++++ DATA BLOCK ++++

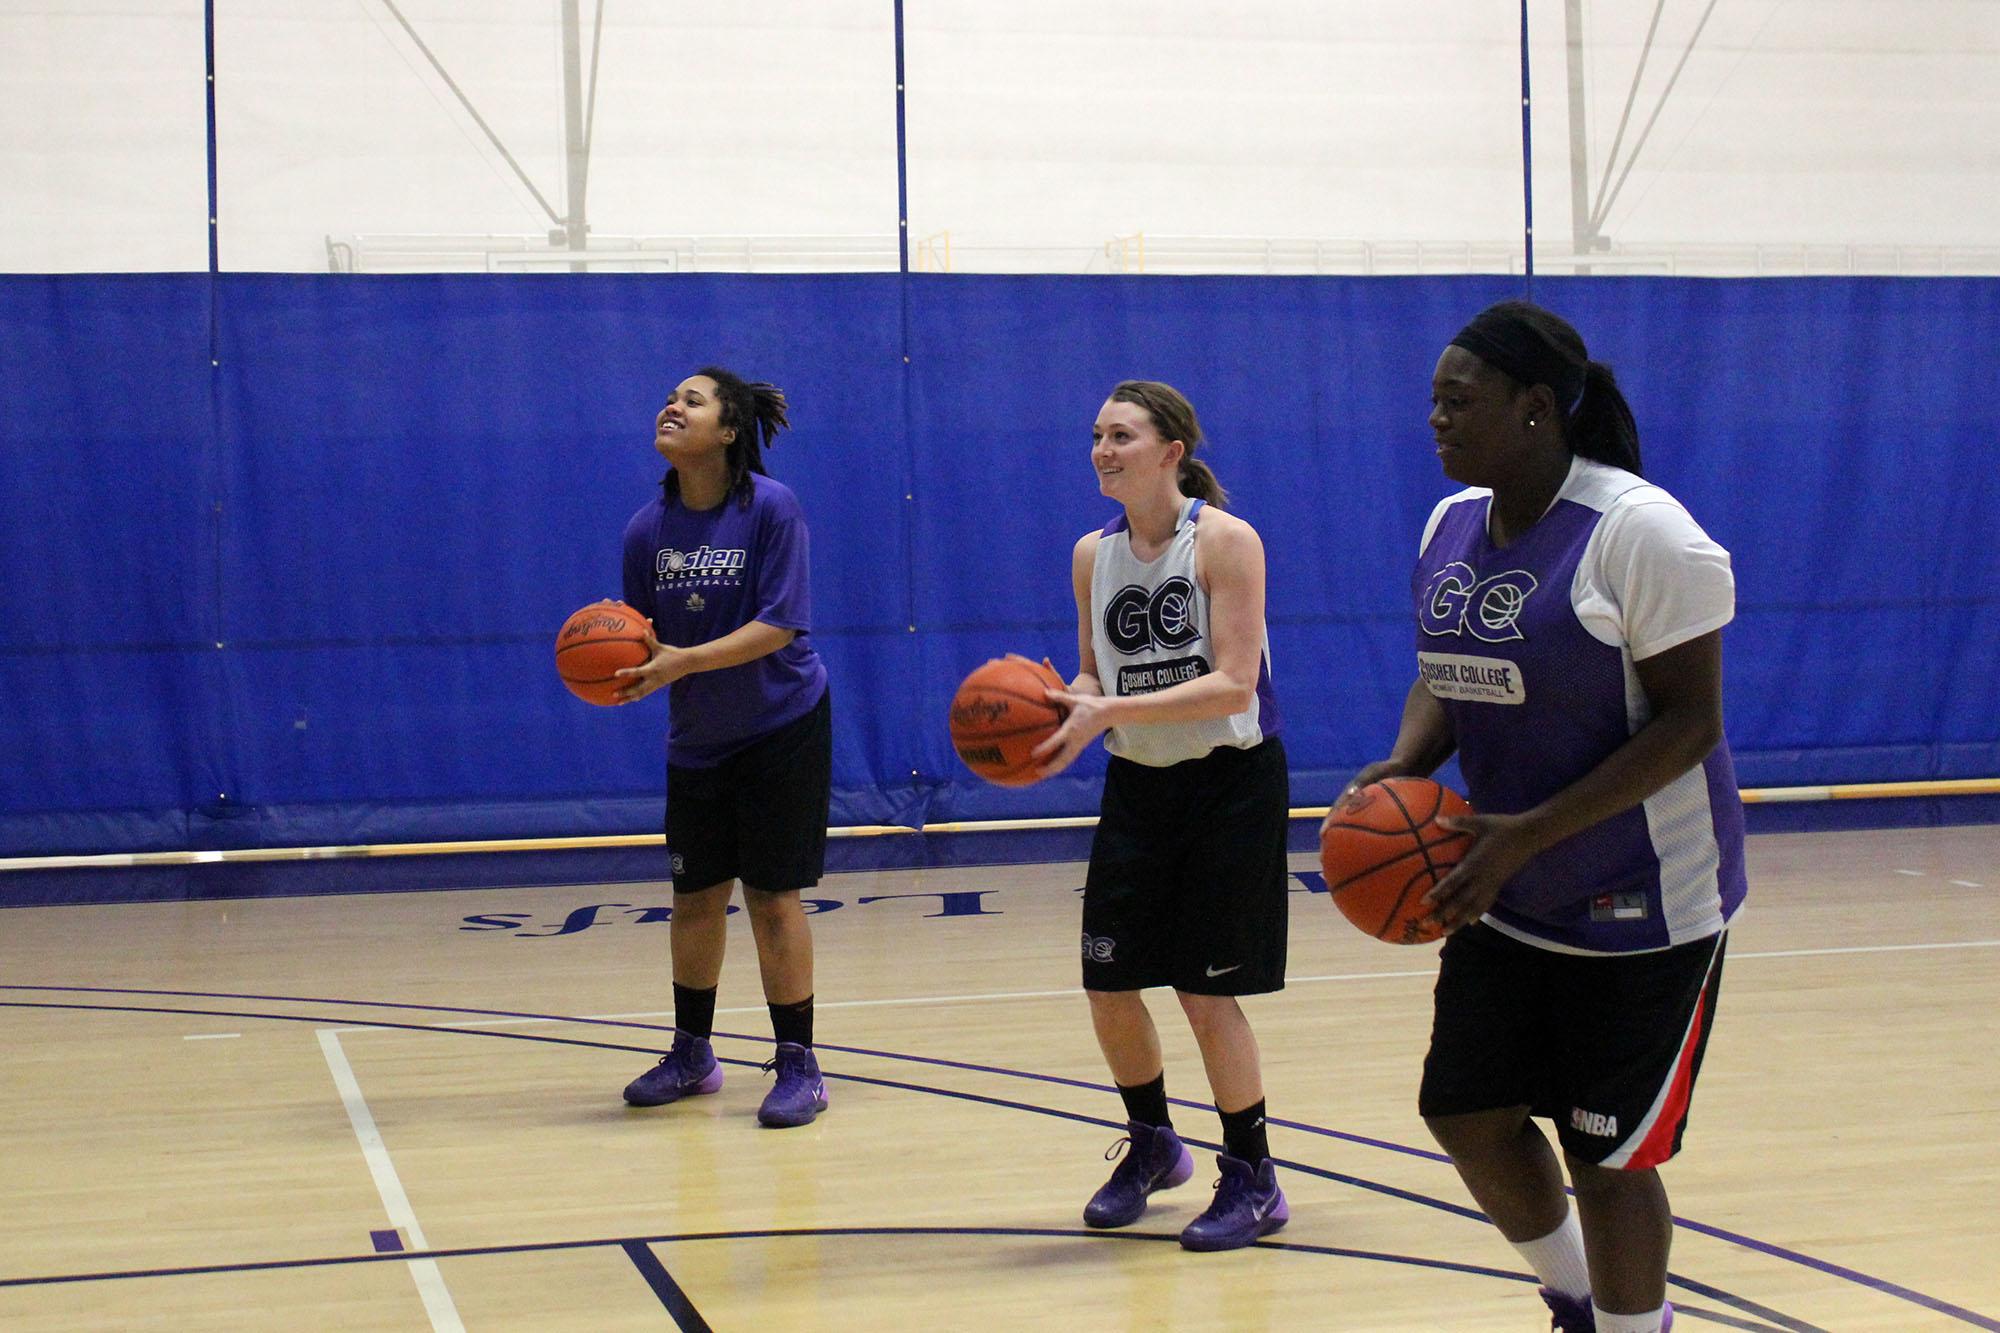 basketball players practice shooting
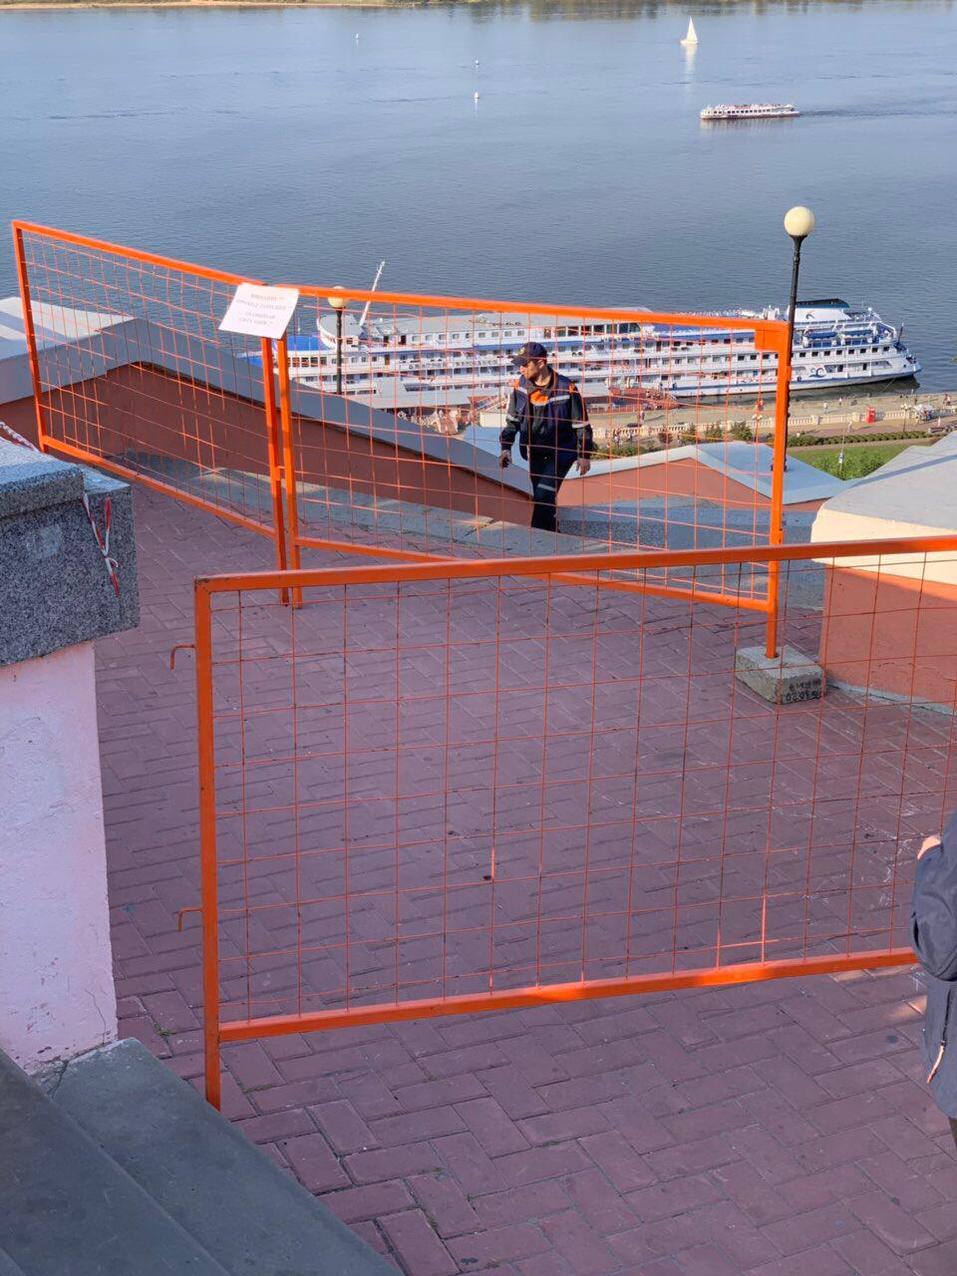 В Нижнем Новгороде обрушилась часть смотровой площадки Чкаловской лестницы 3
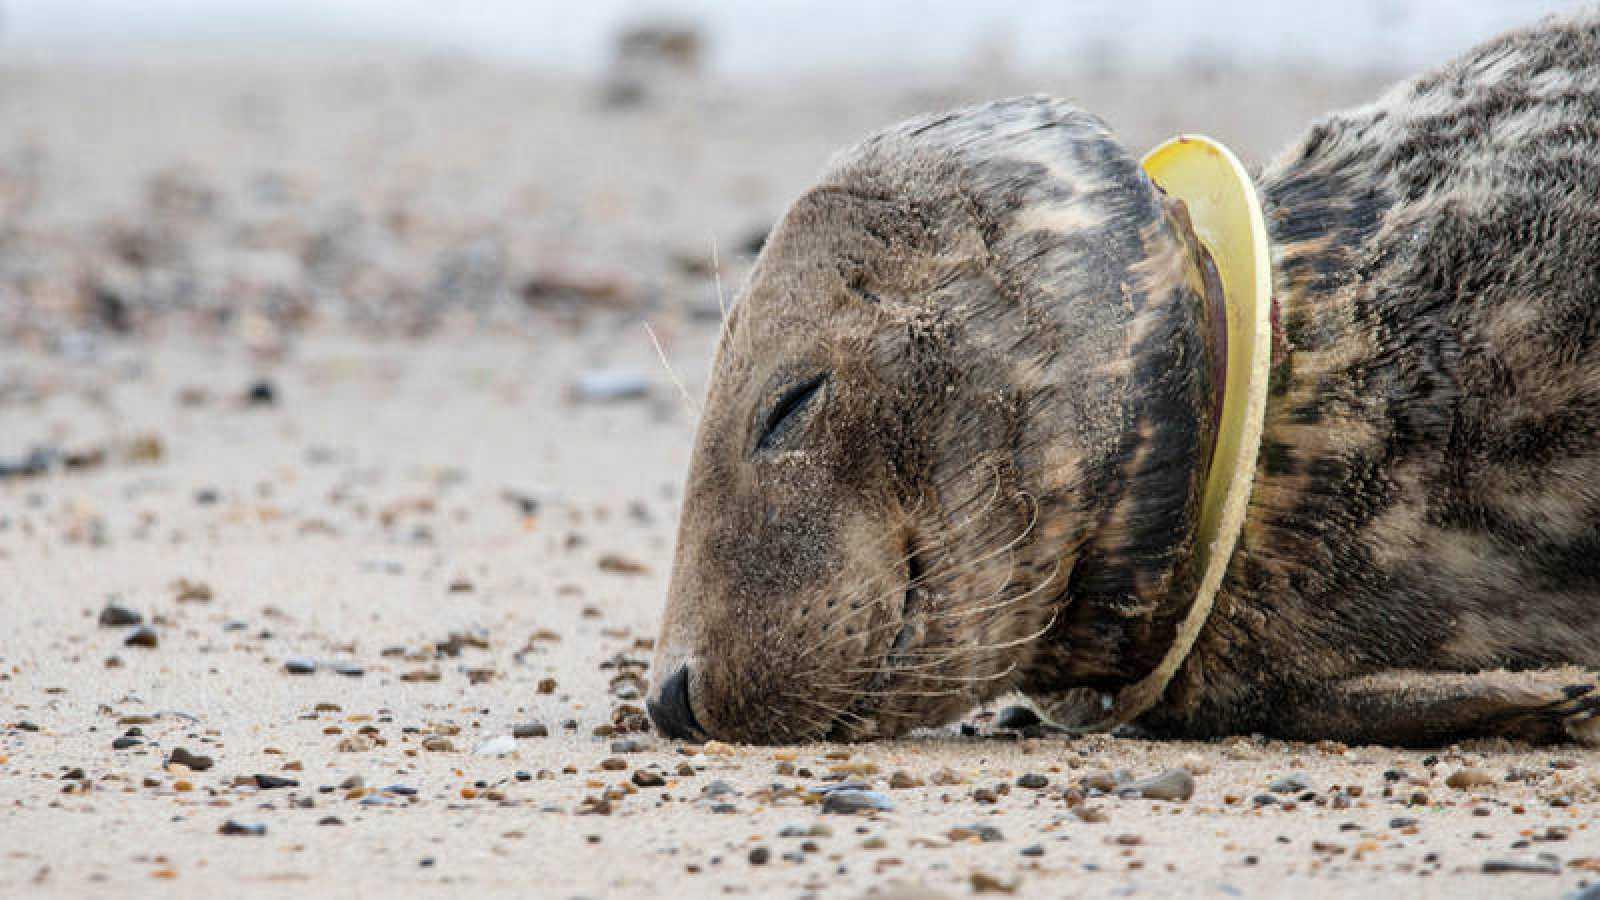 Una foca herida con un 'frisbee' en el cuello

++++

[PROMPT]:
Starting at the line that holds "В Нижнем Новгороде", reproduce each line through the last one of the listing, and nothing more; the pictures stay out.

[TASK OUTPUT]:
 В Нижнем Новгороде обрушилась часть смотровой площадки Чкаловской лестницы 3
 Una foca herida con un 'frisbee' en el cuello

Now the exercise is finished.